The decreasing range of joint motion caused by insufficient muscle length is a common problem in children with cerebral palsy (CP), often worsening with age. In 1994 a CP register and health care programme for children with CP was initiated in southern Sweden. The aim of this study was to analyse the development of the passive range of motion (ROM) in the lower limbs during all the growth periods in relation to gross motor function and CP subtype in the total population of children with CP.
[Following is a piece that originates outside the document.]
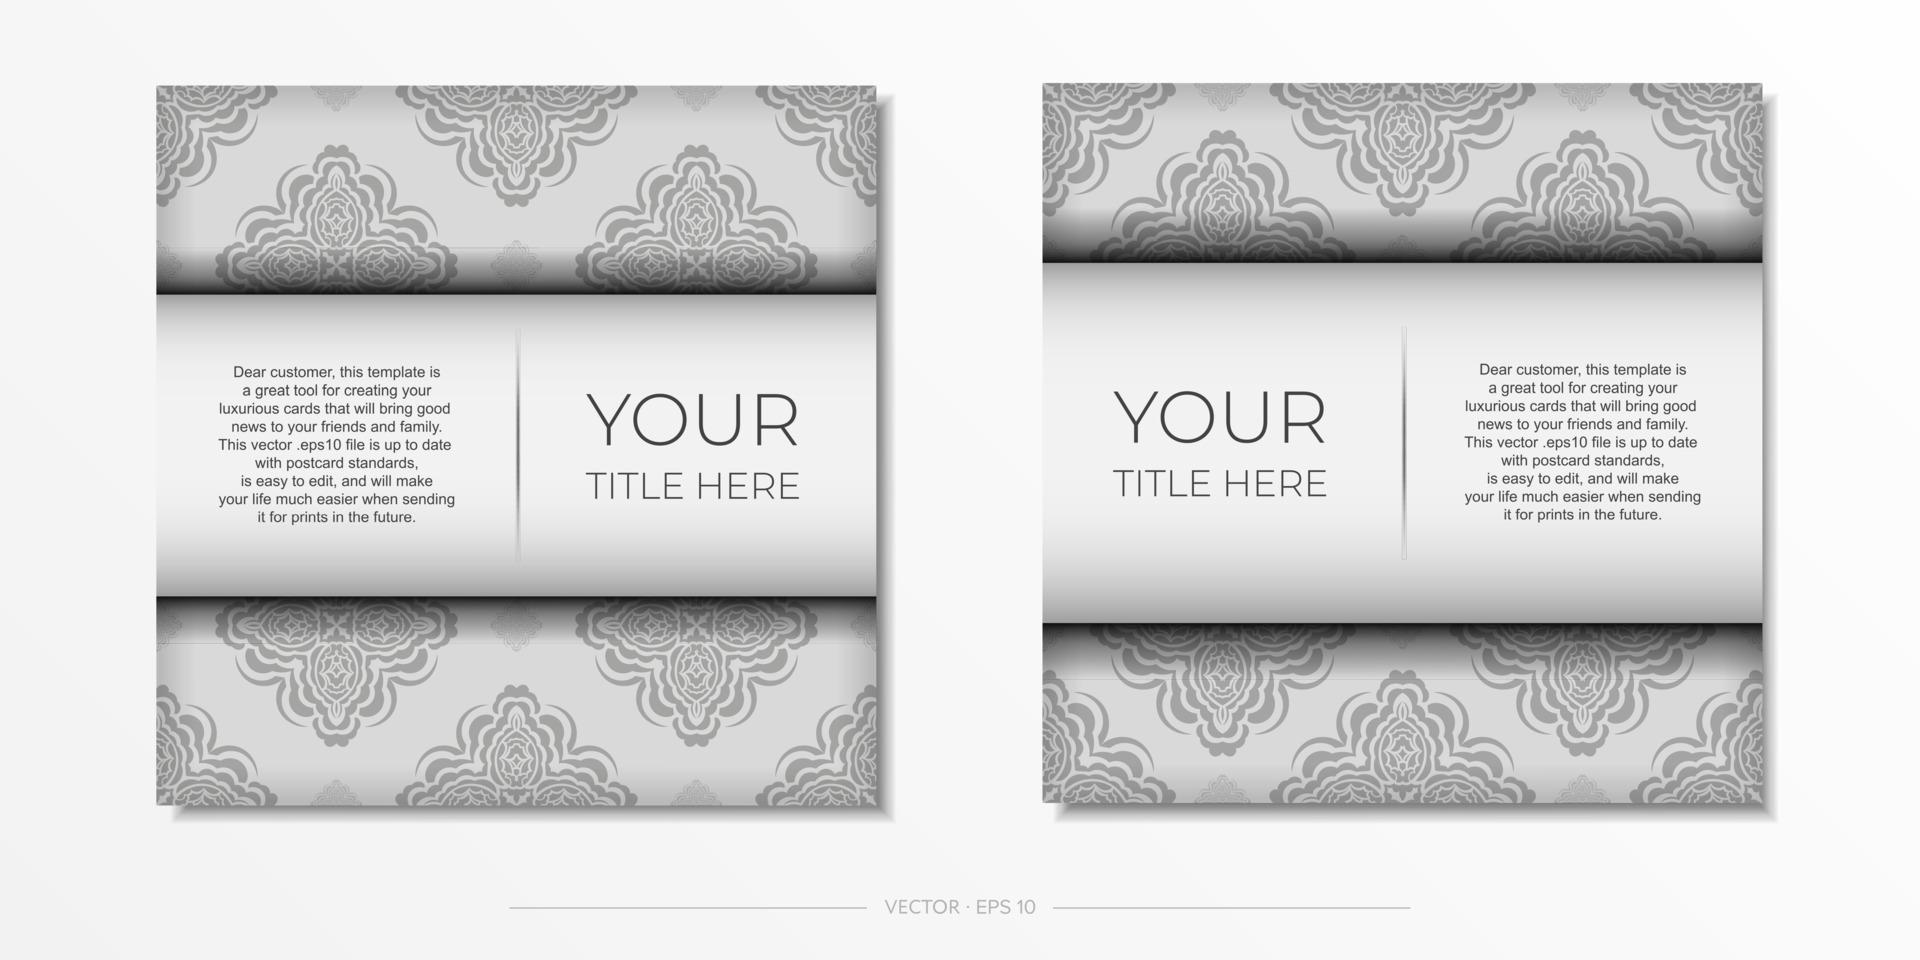 vetor preparando cartões postais cores brancas com padrões indianos. modelo para cartão de convite de design de impressão com ornamento de mandala.

In total, 359 children with CP born during 1990-1999, living in the southernmost part of Sweden in the year during which they reached their third birthday and still living in the area in the year of their seventh birthday were analysed. The programme includes a continuous standardized follow-up with goniometric measurements of ROM in the lower limbs. The assessments are made by each child's local physiotherapist twice a year until 6 years of age, then once a year. In total, 5075 assessments from the CPUP database from 1994 to 1 January 2007 were analysed.


The study showed a decreasing mean range of motion over the period 2-14 years of age in all joints or muscles measured. The development of ROM varied according to GMFCS level and CP subtype.


We found a decreasing ROM in children with CP from 2-14 years of age. This information is important for both the treatment and follow-up planning of the individual child as well as for the planning of health care programmes for all children with CP.